Aslında son bölüm için bir masal yazacaktım. Uzun zamandır okumayınca belki unutmuşumdur düşüncesiyle bir-iki masal kitabı aldım. Notlarım da hazırdı. Sonra vazgeçtim ya da vazgeçmek zorunda kaldım. Çünkü okuduğum hiçbir masal mutsuz sonla bitmiyordu. Durum böyleyken yazma fikri yakın gelmedi. Zaten notları da bir şekilde imha ettim. Kendime güvenemedim ne yalan söyleyim. Bir süre sonra kafamı toplayıp, yeniden kaleme almaktan korktum. Yazması birşey değil de, bunun bir de okuması ve hatırlaması var. İstemedim yani. Şimdi herşey yolunda, allahtan notların yedeği de yok kafam rahat.. Toplu çözüm anlayacağın. Bu arada bir dostumun önerisine uydum ve saati tamir ettirmeye karar verdim sonunda. Artık çalışmaya başlayacak. Her saat başı ve buçuklarda çalan gongu duyduğumda, nefes aldığım her dakikanın ne kadar değerli olduğunu tekrar tekrar hatırlatacak bana. Bahtiyarım.

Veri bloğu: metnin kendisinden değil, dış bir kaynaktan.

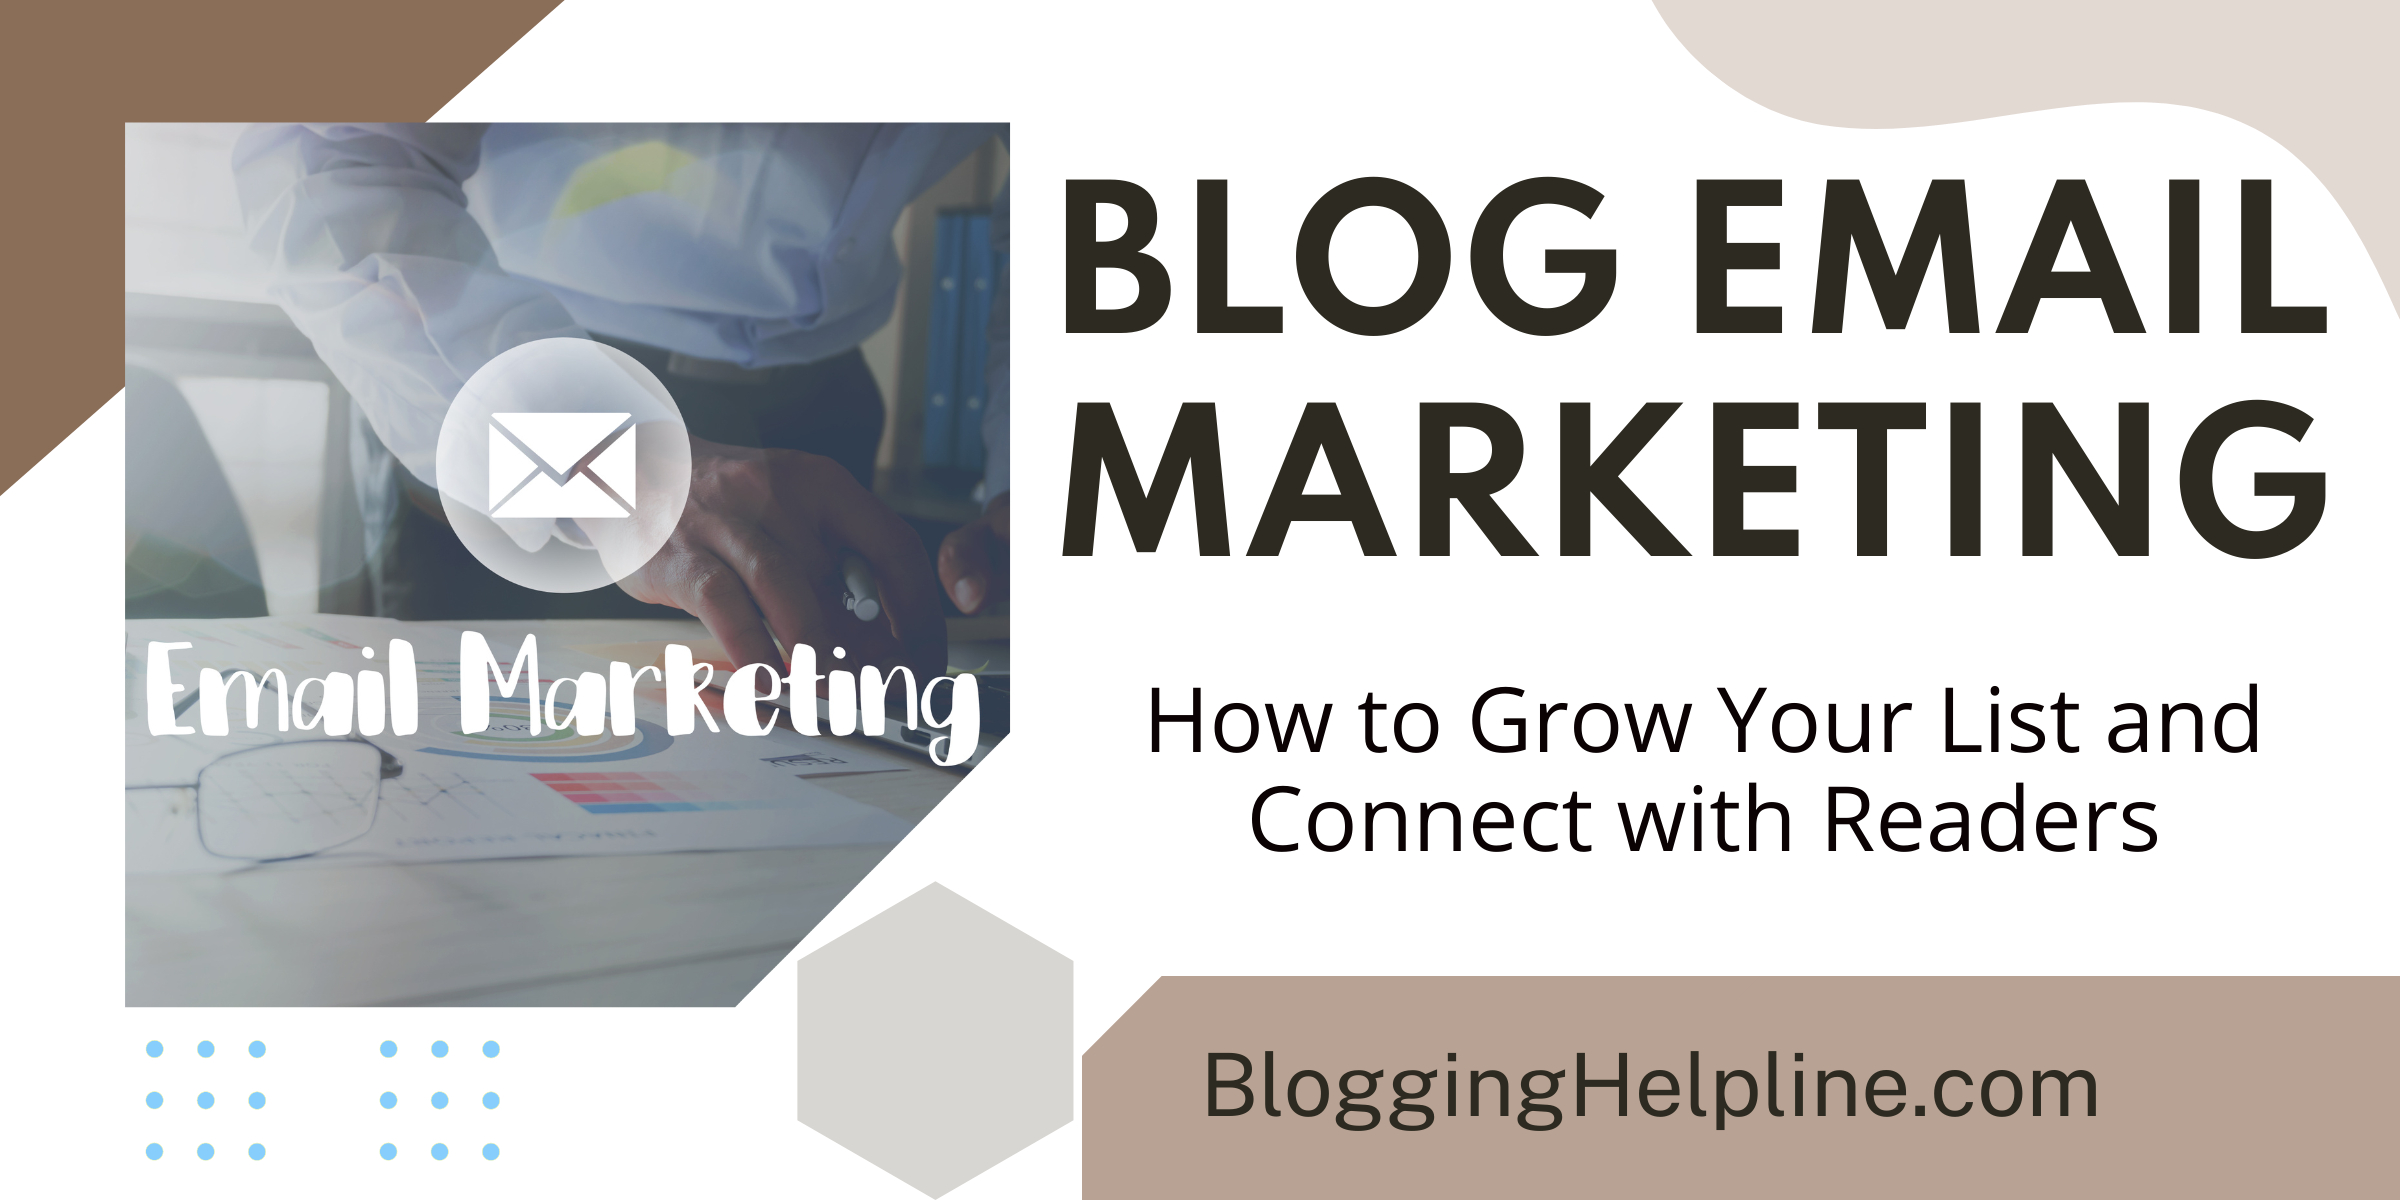 Blog Email Marketing How to Grow Your List and Connect with Readers

Aslında ikimizde biliyorduk
Yeniden görüşemeyeceğimizi…
Ya da görüşsek bile
Hiçbirşeyin aynı olmayacağını..

Saat onikiyi beş geçiyordu
Ve son vapur
Geceyi titreten sesiyle
Limandan usulca uzaklaşıyordu..

O gitmenin,
Bense kal diyememenin acısıyla
Ayrılıyorduk.

Belli ki yaşadıkça düzelmiyor hayat, düzelmeyecek de... Biraz da kendi akışına bırakmak lazım. Çünkü biz onu yaşadığımızı düşünürken, aslında o bizi yaşıyor ve zamanla tüketiyor. Kör olmamızın nedeni de bu galiba.. Ve nedense ya kaybedince ya da en son durağa gelince anlıyoruz doğru diye ezberlediklerimizin gerçekte ne kadar doğru, ne kadar yanlış olduğunu. Tam bir dram yani. E bunun adı da hayat, birgün verdiklerini mecbur geri alacak.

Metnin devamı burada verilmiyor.